Saturday, August 4, 2012

Was it rigged on June 5?

Figured I'd go with the provocative headline here, but it is something that I've wondered since the recall election. Given that there were huge discrepancies between the conservatives being overampled in polls before the election vs. the actual people who voted on June 5, it didn't really add up that Walker's reported winning margin of 6.8% was in line with what those pro-conservative polls were showing.

Then I noticed several online articles pointing out that Wisconsin seemed to be susceptible to voter irregularities and noticed that many rural counties gave voting machine contracts to Command Central at the behest of Waukesha Co Clerk (and GOP hack) Kathy Nickolaus. In addition, many Wisconsinites have been working with Wisconsin Wave and other organizations to hand-count the ballots, so much so that Wisconsin Wave is now reporting that they have no many volunteers they have to turn people away, and that a demonstration of voting machines at GAB that the GAB's Reid Magney described as "standing-room only" (at the bottom of the WSJ report).

Clearly, a lot of people aren't taking the retaining of Scott Walker at face value. So I decided to look at the election numbers themselves, compare them to the last 2 statewide elections (Walker vs. Barrett 2010 and Prosser vs. Kloppenburg, 2011), and see if there was something out of the ordinary in places with these Command Central machines.

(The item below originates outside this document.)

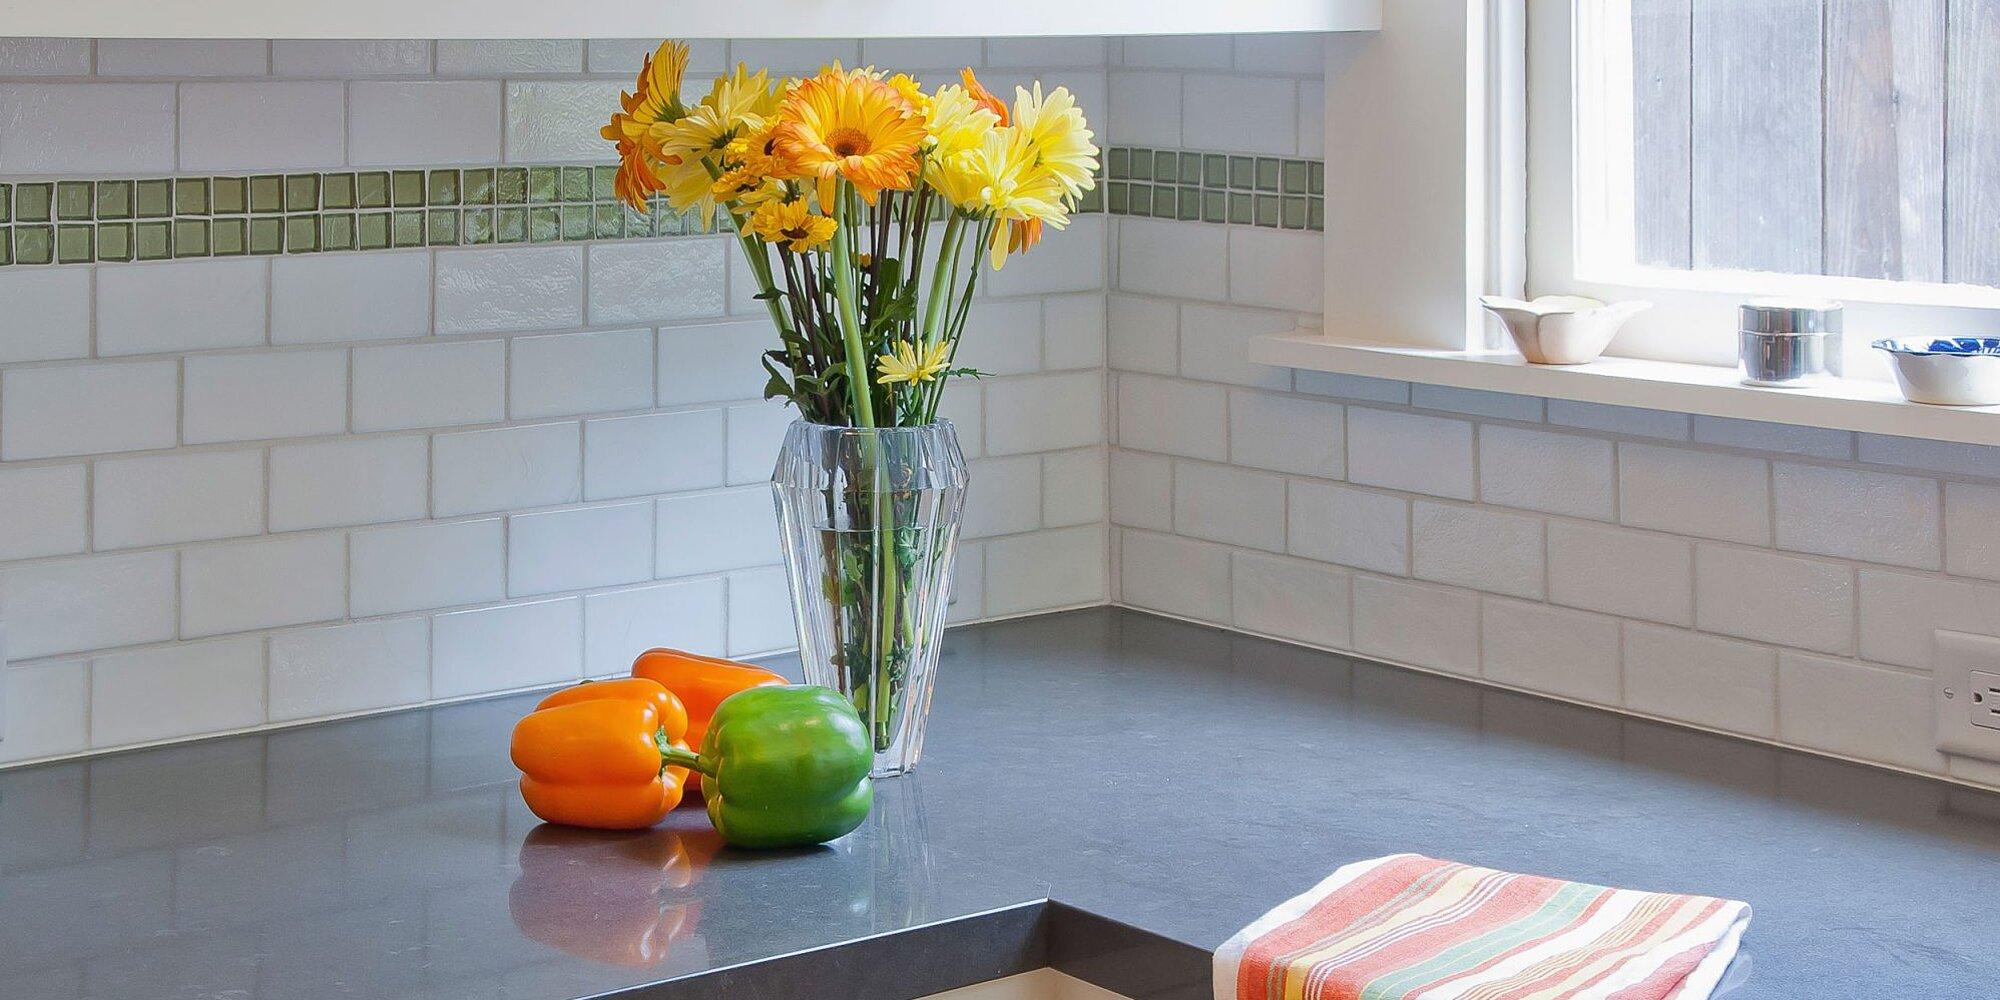 How To Get Rid Of Lingering Kitchen Smells Myrecipes

Using info from a Wisconsin Wave meeting I attended, I had 30 counties that had significant usage of Command Central machines outside of the Milwaukee area. I then compared those results to 36 other Wisconsin counties that didn't have as many Command Central machines. I also put in a third category that included Milwaukee County, the 4 counties that border Milwaukee, and Dane County, because as I've mentioned before, those parts of the state have unique voting patterns that don't really change much from election to election (they're a turnout game). Plus, Racine County had a heated Senate election between Lehman and Wangaard that could skew election results a bit.

You run the numbers, and here's what you get. I will use the "Dem" candidates (Barrett and Kloppenburg) as the benchmarks:

Command Central Counties
Barrett '10- 43.21%
Klopp- 47.94% (+4.73%)
Barrett '12- 40.52% (-2.69% vs. 2010, -7.42% vs. Klopp)

Non-Command Central
Barrett '10- 43.10%
Klopp- 48.85% (+5.75%)
Barrett '12- 42.67% (-0.43% vs. 2010, -6.18% vs. Klopp)

Milwaukee-Madison area
Barrett '10- 50.95%
Klopp- 51.16% (+0.21%)
Barrett '12- 52.02% (+1.07% vs. 2010, +0.86% vs. Klopp)

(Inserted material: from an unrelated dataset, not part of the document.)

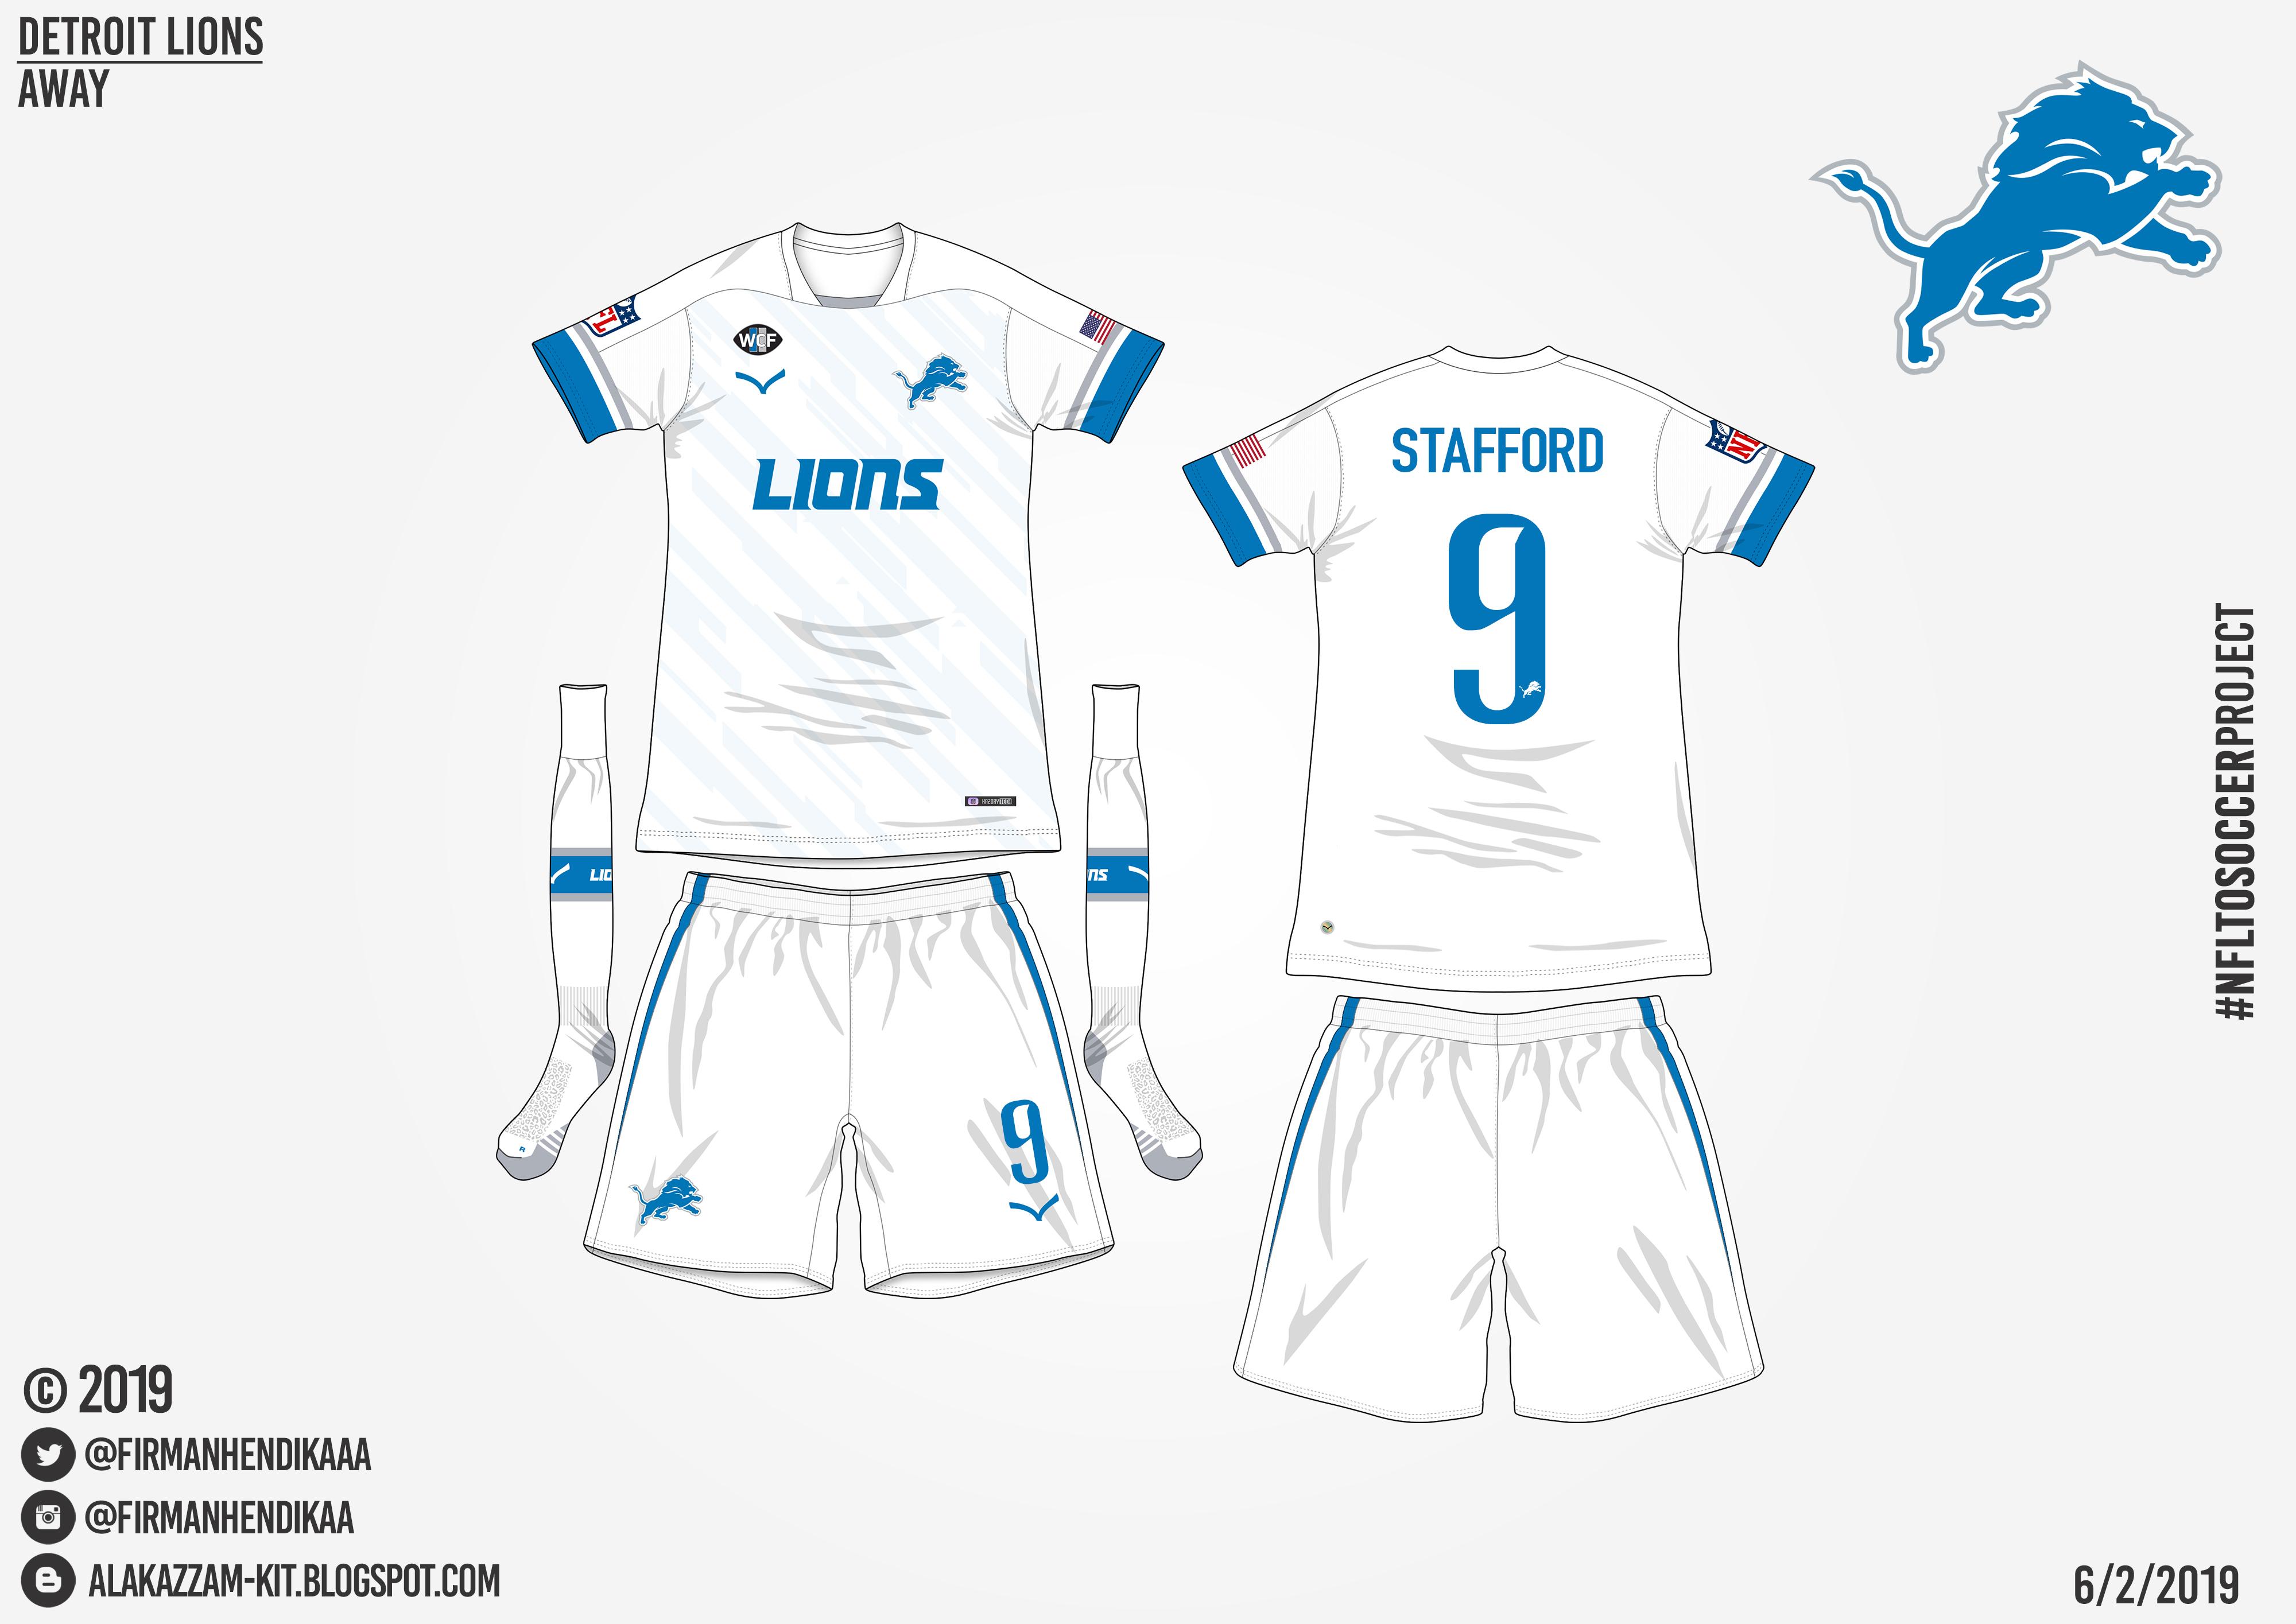 new styles 7acdb a6100 NFLtoSoccerProject - Detroit Lions (Away)

So you can see in the non-Milwaukee Madison areas, there was movement to Kloppenburg in 2011, and then movement back to Walker in 2012. But the Command Central Counties had a larger bounce back for Walker and lower share for Barrett, as shown by this graph.


So it looks like the Command Central counties flipped more than 2% for Walker vs. the non-Command ones. If you plug in that difference back into the election, and assume that the Command Central counties voted the same as the non-Command Central ones, Walker still wins, but by about 153,000 instead of 171,000, or about 6%. Not really a significant effect here. (late edit: I did not look at touch-screens vs. optical scan machines, like Richard Charnin did here, and he says there's a clear pro-Walker rigging. I don't have an optical scan vs. touch-screen list, so I'll hold off on this)

The real story when you look at numbers like this is how badly Barrett got beat in the parts of Wisconsin outside of the Madison and Milwaukee areas. If Barrett would have held near 50-50 for those 1.45 million votes, he'd be governor today. Instead, he only got 42.0%, and that was the difference-maker. And these areas were the most likely to fall prey to the Walker meme of "a recall isn't necessary", and it is not hard to imagine that 5-10% of those voters disapproved of Walker but also disapproved of the recall process, and cast their votes for Walker.

In addition to not explaining the need for a recall good enough, it also illustrates the failure of the Democratic Party of Wisconsin to get out into the other parts of the state and show the destruction of Fitzwalkerstan. They have to stop assuming that people will just get it on their own, and instead should show that progressive ideas and investments in social goods like education and the environment work and are a much more likely pathway to success than expecting corporates to take of you out of the goodness of their hearts.

But I do appreciate Wisconsin Wave and others continuing to draw attention to the issue of black box voting and the potential for election fraud. Just because the "Command Central effect" wasn't big enough to be the deciding factor in the June 5 election doesn't mean that can't be the case in November, particularly when combine with other GOP rigging such as voter ID and absentee ballot fraud where GOP officials send ballots for voters.

We need to keep this issue of election integrity front and center, because as shown in Racine recount of Lehman-Wangaard, the GOP will do anything in their power (legal or not) to deny a legitimately-elected Dem by any means they can. We should also remind people that just because Scott Walker got more people to vote for him on June 5, it doesn't mean they agreed with his policies, and that it means little for November or for 2014.